Yes, the only thing that matters is who authorized the code to be published, which is never Copilot (an automated system that takes tickets, has copilot craft patches from them, then publishes them with no human review would be a) very cool and b) an incomprehensibly terrible idea; but even then there is still a human authorizing the code to be published, just residing a level of abstraction removed from the process itself)
>It doesn't seem to me as though the distinction between "Copilot reproduced the code and the engineer copy/pasted/saved it" versus "Copilot inserted the code" is crucial.
Is Google responsible when they index licensed code, then others steal it? It's surely the liability of the programmer to "check" (Not really sure how this would work, either).

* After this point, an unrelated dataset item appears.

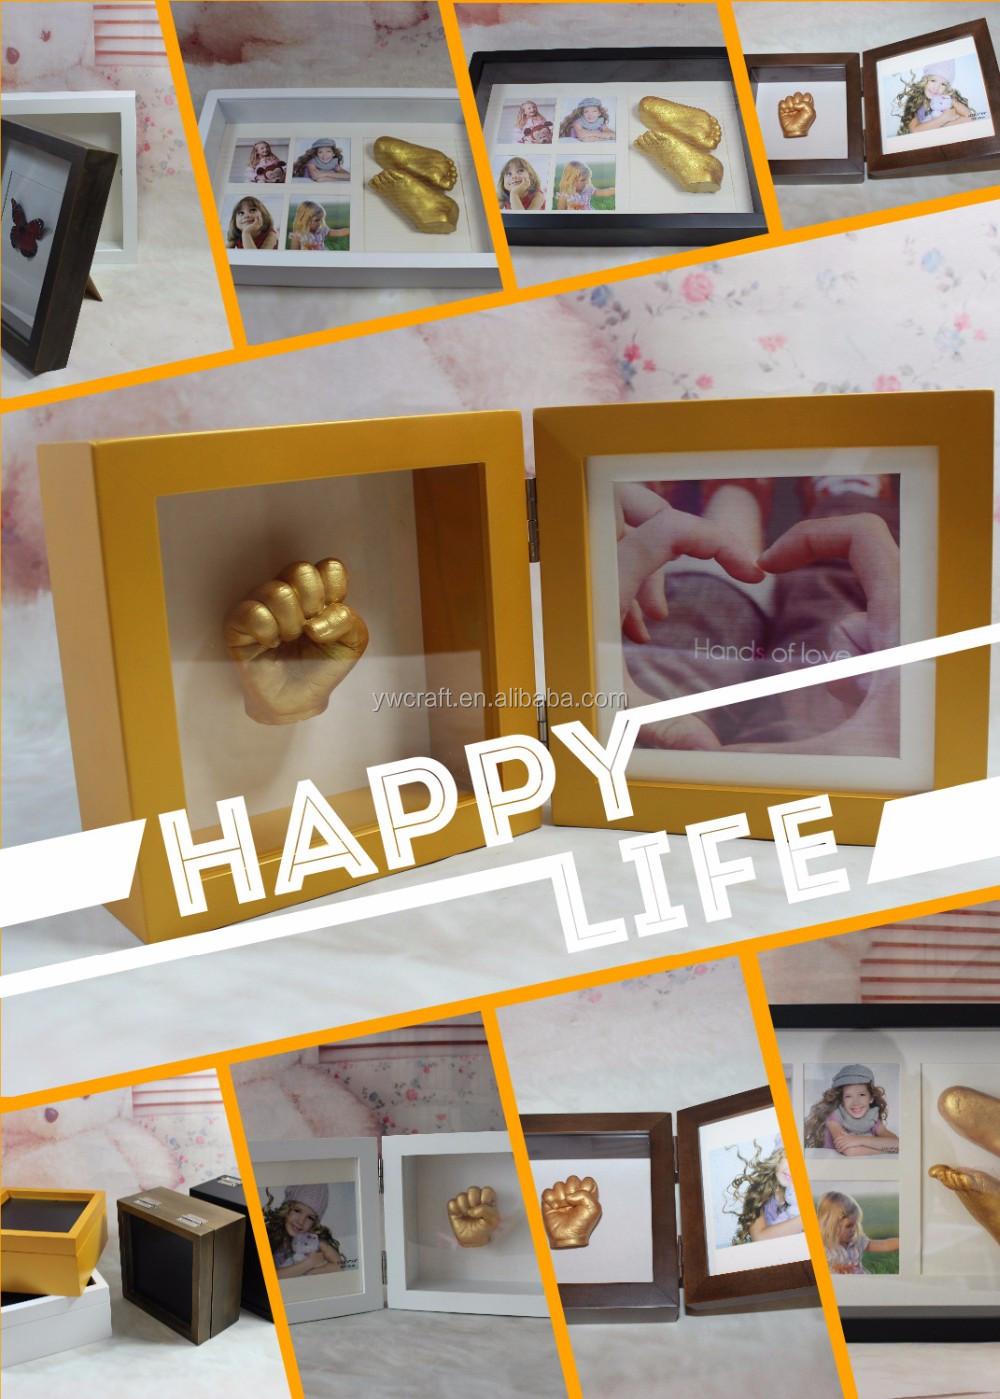 3d Massivholz Baby Handprinting Diy Shadow Box Bilderrahmen ...

What matters is that users of Copilot (the "others" who "steal it" in your scenario) are liable for infringement. That renders Copilot impractical as a tool for production use, regardless of whether Microsoft has any liability.
If it is relevant at all, the threshold of originality applies to the allegedly-copyrighted source consumed by Copilot (as regards bare infringement, not wilfull infringement). If that doesn't meet the threshold, it is not copyrightable. If it is, unauthorized copying not within a copyright exception (e.g., fair use) is infringement.
I can't see any case where originality of the snippet presented by Copilit matters (if Copilot were a person, it would matter to determining if the snippet on its own was copyrightable by Copilot, but still wouldn't be relevant to whether to original copyright was violated.)
How much of the code needs to be "unique" across a single codebase for copilot to be illegally pasting it downstream ?
For a great deal of copilot insertions, it's like the equivalent of me writing the sentence, "the man gasped in surprise" in a novel I'm working on. Yeah maybe that sentence came from somebody else's novel, but you can find the same damn sentence in a thousand other books/papers/etc as well.
Copilot sometimes reproduces code verbatim. You can't use open source code except under the terms of the license. Authors whose code may be reproduced by Copilot need to grant a license to downstream consumers, and republishers of Copilot-generated code need to adhere to the terms of that license.
Copilot is inserting ticking time-bombs into its users' codebases.